Mesmo que nada do que eu imaginei acima esteja correto e o Burri de 1960 quisesse apenas fotografar uma inauguração, o Burri de 1977, que retornou a Brasília num momento em que a ditadura já rateava, provavelmente tinha outra idéia. E é bem possível que tivesse outra idéia também sobre suas fotos de 1960. No fim da vida (ele morreu em 2014), talvez tivesse ainda mais uma outra idéia sobre o que portavam de significativo essas imagens de Brasília. É como se os personagens se movessem debaixo das colunas, na medida em que elas vão sendo impregnadas do significado histórico do que acontece entre elas e em volta delas. É como se, ainda hoje, quem passa por aí carregado de pastas (se é que por aí passa alguém) esbarrasse nos candangos extasiados.

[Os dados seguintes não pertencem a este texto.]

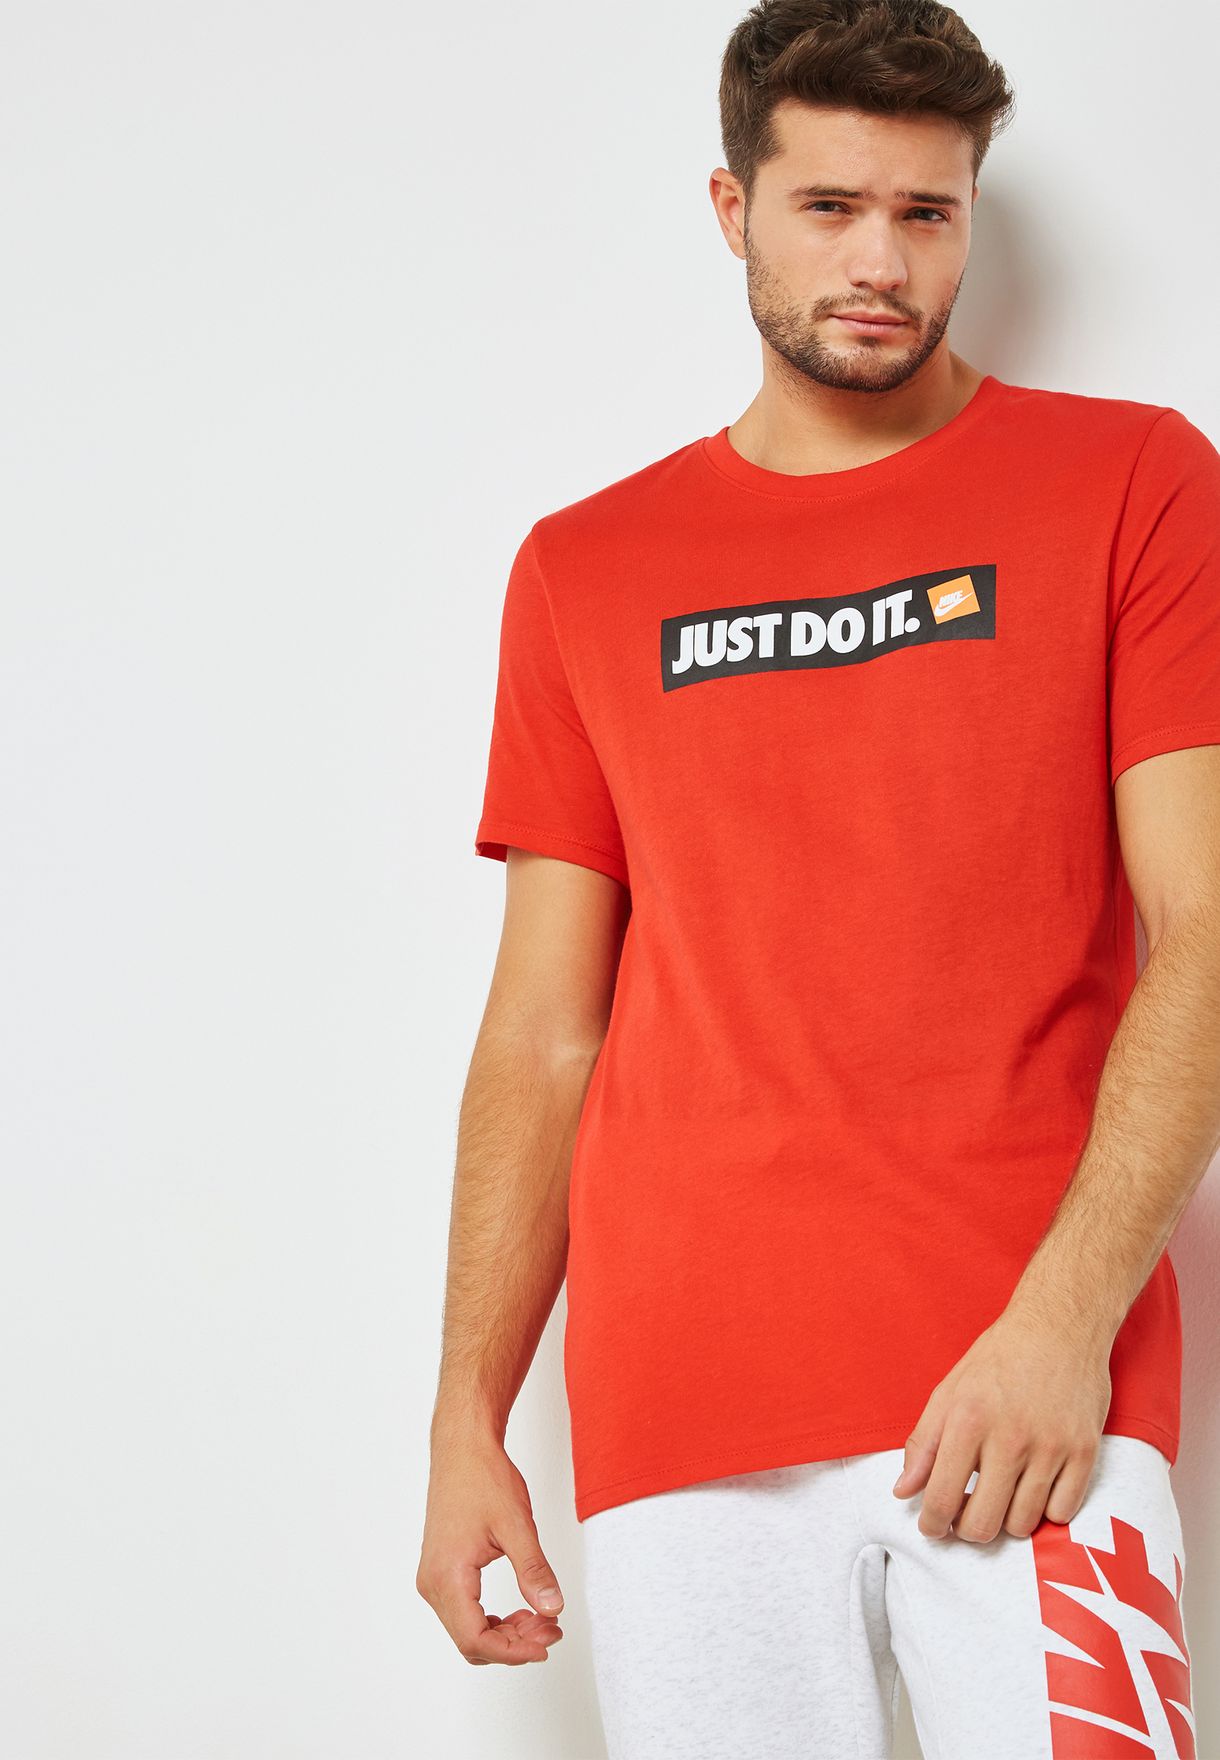 just do it red shirt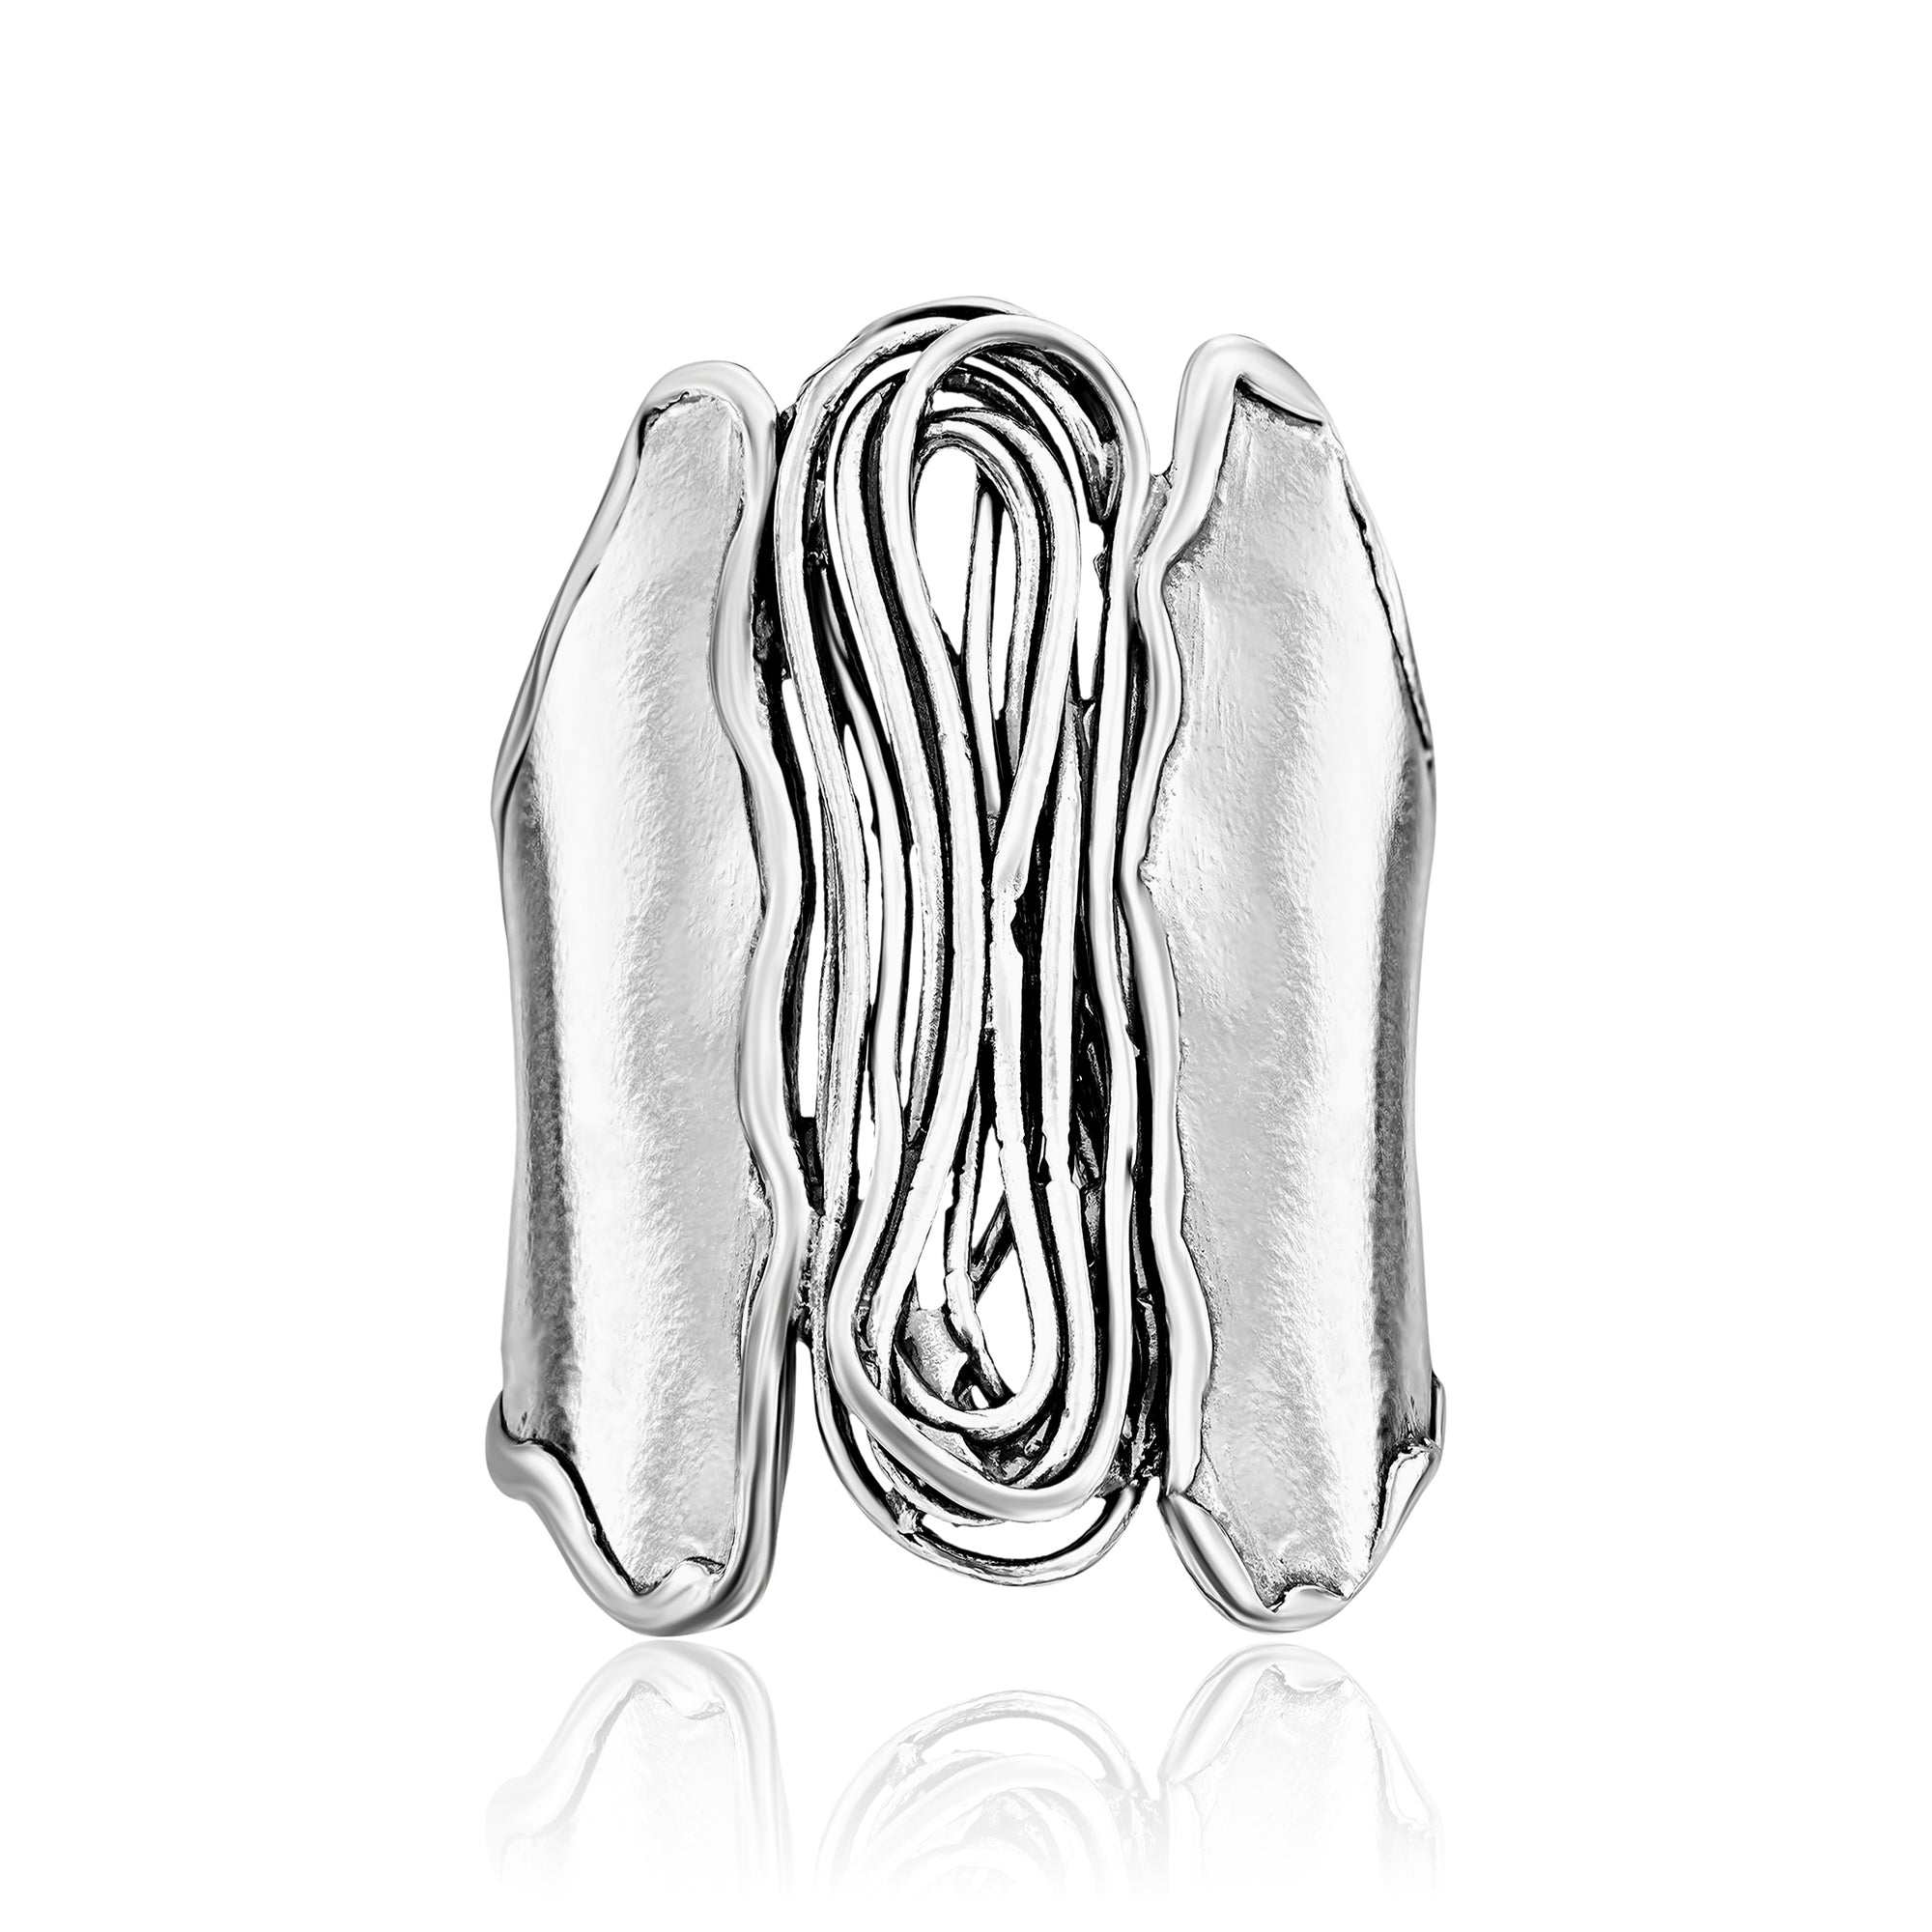 Contemporary Sterling Silver Shield Ring

Assim, para nós, hoje, esta imagem provavelmente evoca ilusões e desilusões, enganos e engodos, decepções, traições. Penso no bebê que dorme no colo da mãe e cujos pais talvez o imaginassem livre da miséria e da opressão, educado, trabalhando em bons empregos (públicos, talvez). Onde terá crescido essa criança? No Núcleo Bandeirante? Na Candangolândia? Teve acesso às benesses da civilização? Recebeu uma educação emancipadora? Teria idade para escapar dos eventos relatados em Branco Sai, Preto Fica, de Adirlei Queiroz? O que você acha? O que te parece mais provável?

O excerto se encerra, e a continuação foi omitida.